According to another feature of the present invention, there is provided a process for blowing oxygen together with slag-forming, powdered flux from the top into molten iron contained in a top-blown converter thereby to refine the molten metal into steel, said process comprising the steps of: injecting an oxygen gas in the form of supersonic jets toward the molten iron by means of a plurality of Laval nozzles; and feeding the powdered flux together with a carrier gas to the supersonic oxygen gas jets just upstream of the exits of said Laval nozzles, simultaneously with the injecting step, so that the carrier gas flows may merge into the supersonic oxygen gas jets, whereby the powdered flux fed can be uniformly dispersed in the supersonic oxygen gas jets and carried by the same into the molten iron in said top-blown converter.

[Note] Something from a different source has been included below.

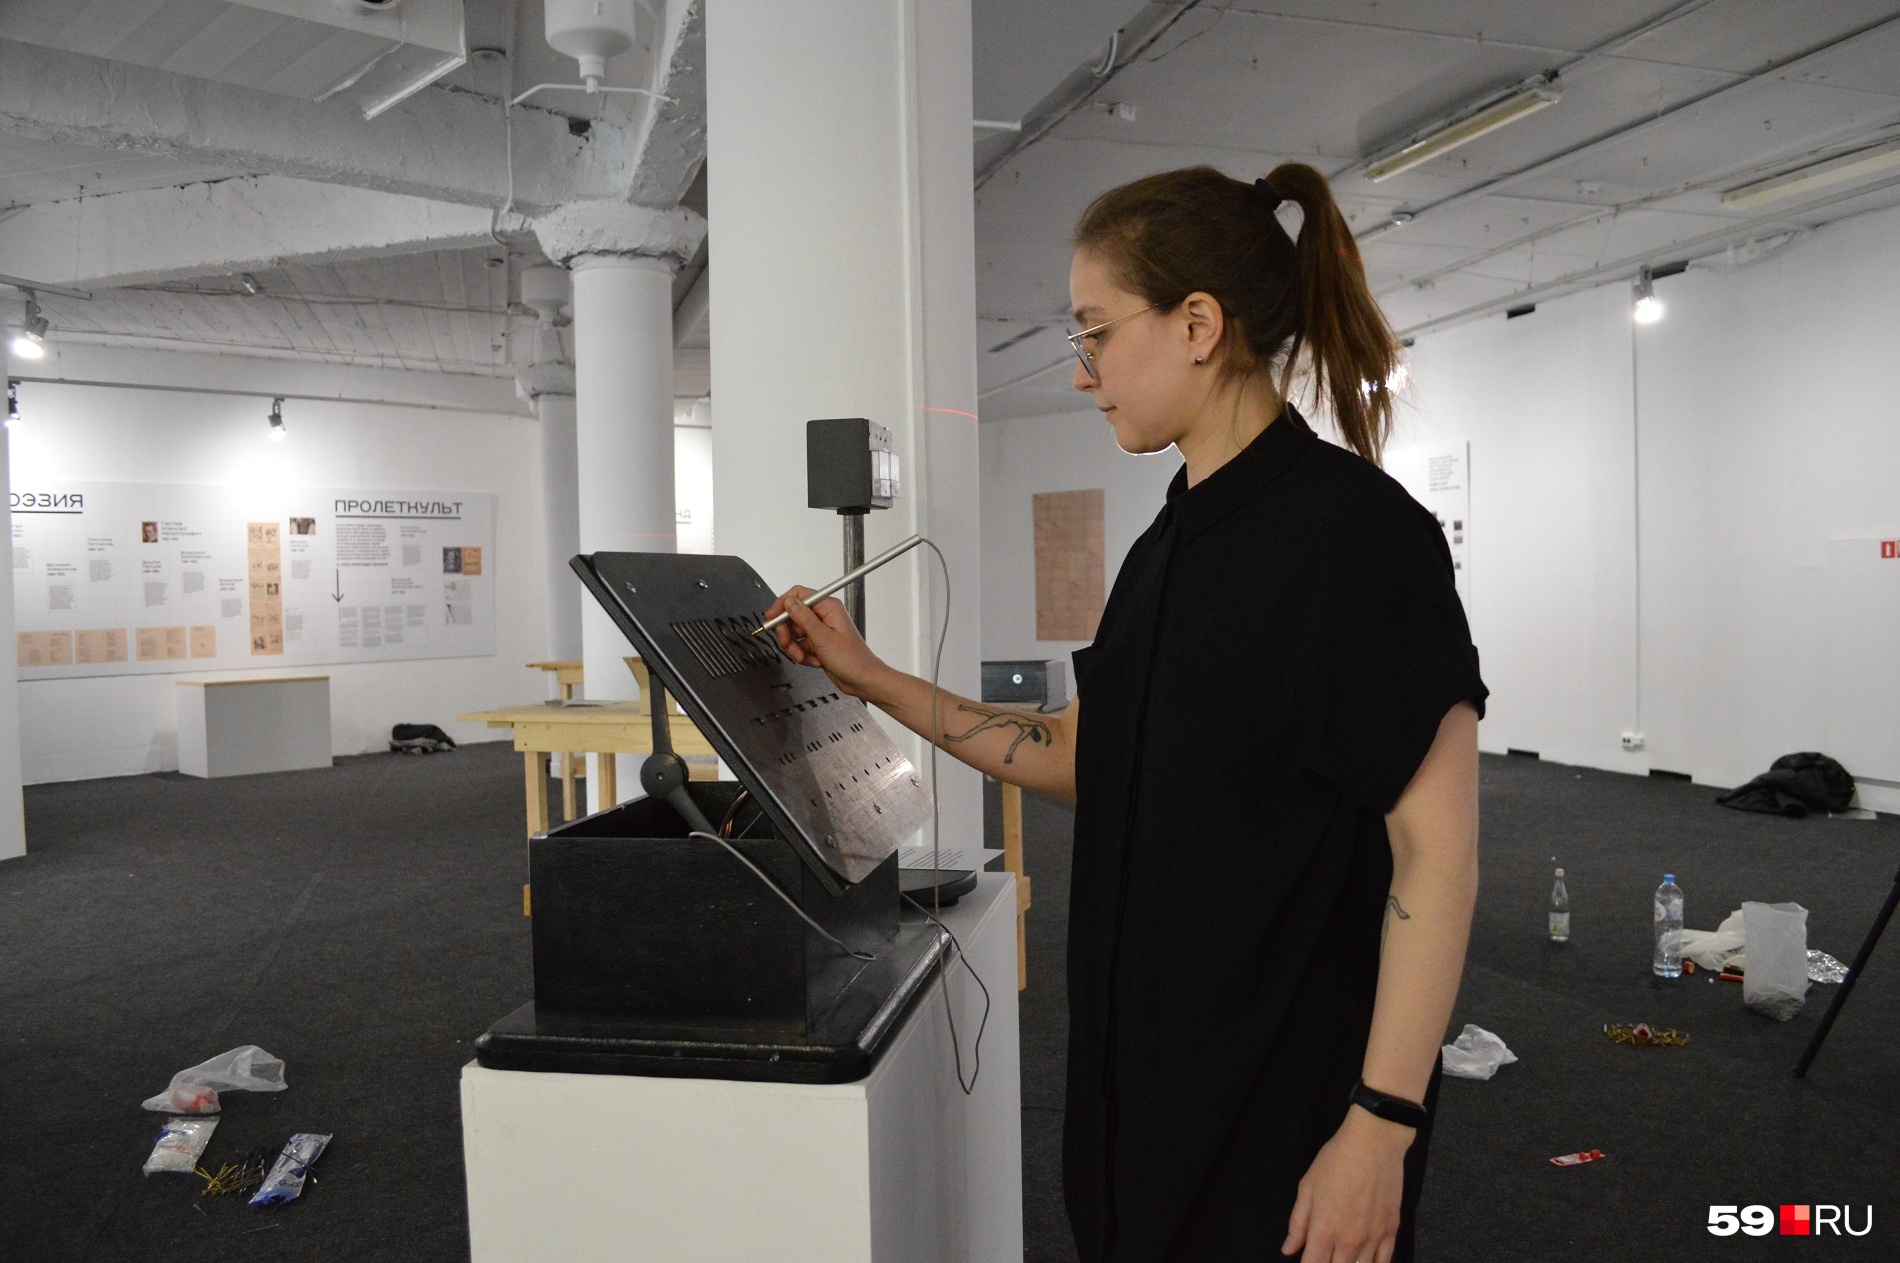 Руководитель галереи «На Шаболовке» Катерина Телегина демонстрирует работу одного из аппаратов, тренирующих точность
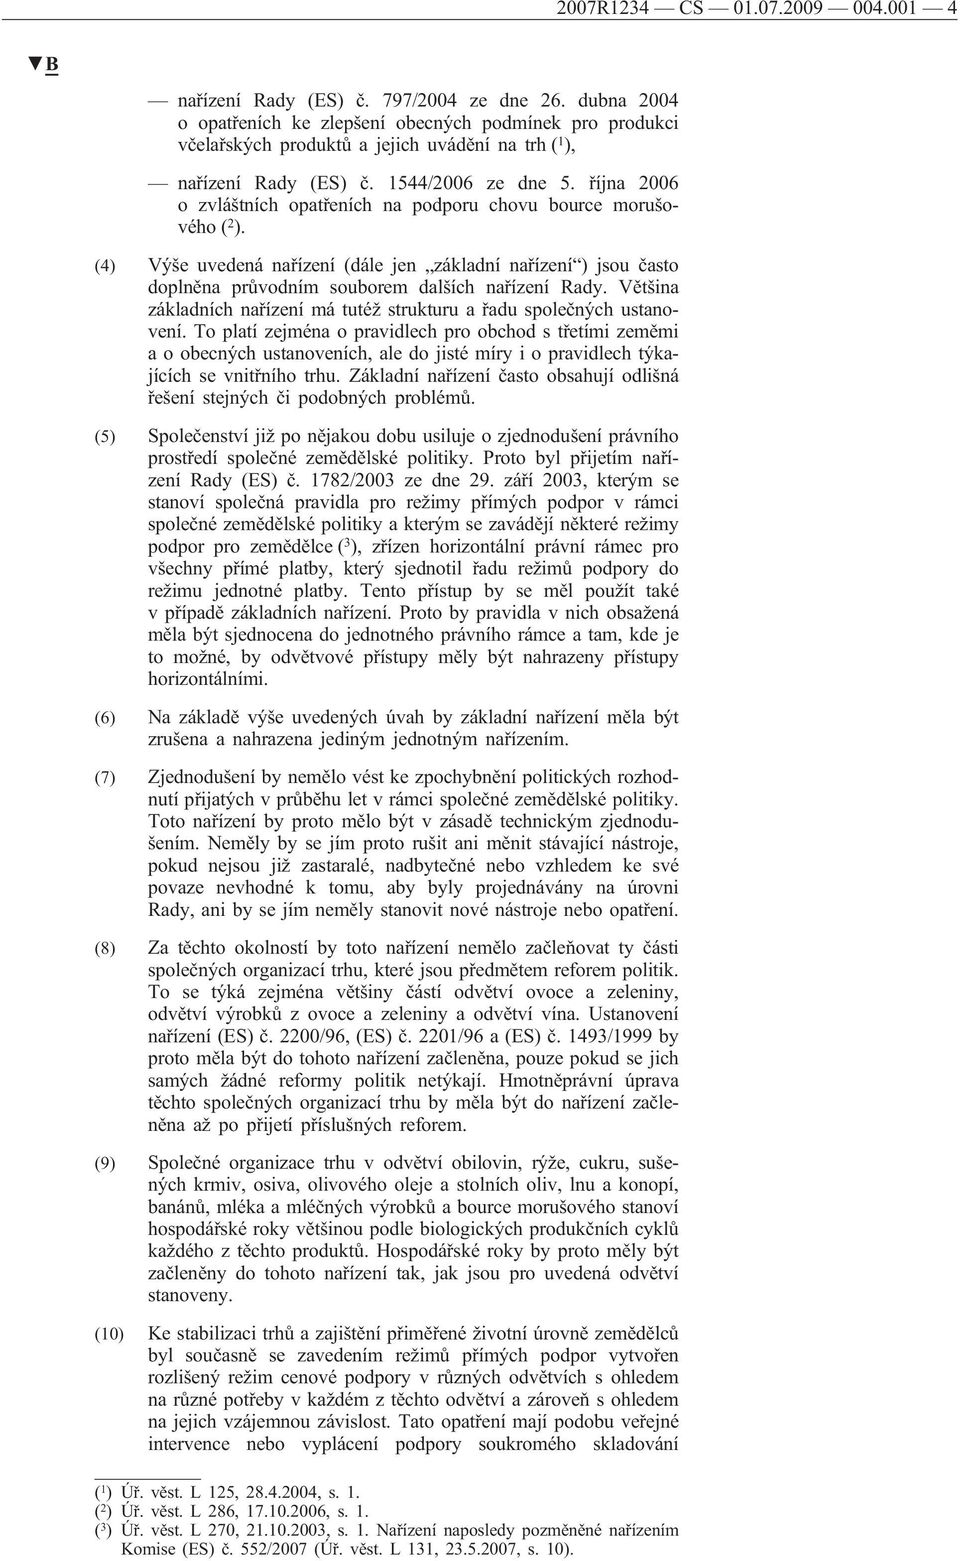 října 2006 o zvláštních opatřeních na podporu chovu bource morušového ( 2 ). (4) Výše uvedená nařízení (dále jen základní nařízení ) jsou často doplněna průvodním souborem dalších nařízení Rady.

BRIEF DESCRIPTION OF THE DRAWINGS
Other objects, features and advantages of the present invention will become more apparent from the following description taken in conjunction with the accompanying drawings, in which:
FIG. 1 is a longitudinal section showing an oxygen top-blown converter to which the present invention is applied;
FIG. 2 is an enlarged longitudinal section showing a four-walled lance according to the present invention;
FIG. 3 is transverse section taken along line 3--3 of FIG. 2;
FIG. 4 is a bottom view showing the lance of FIGS. 2 and 3; and
FIG. 5 is also a transverse section but is taken along line 5--5 of FIG. 2.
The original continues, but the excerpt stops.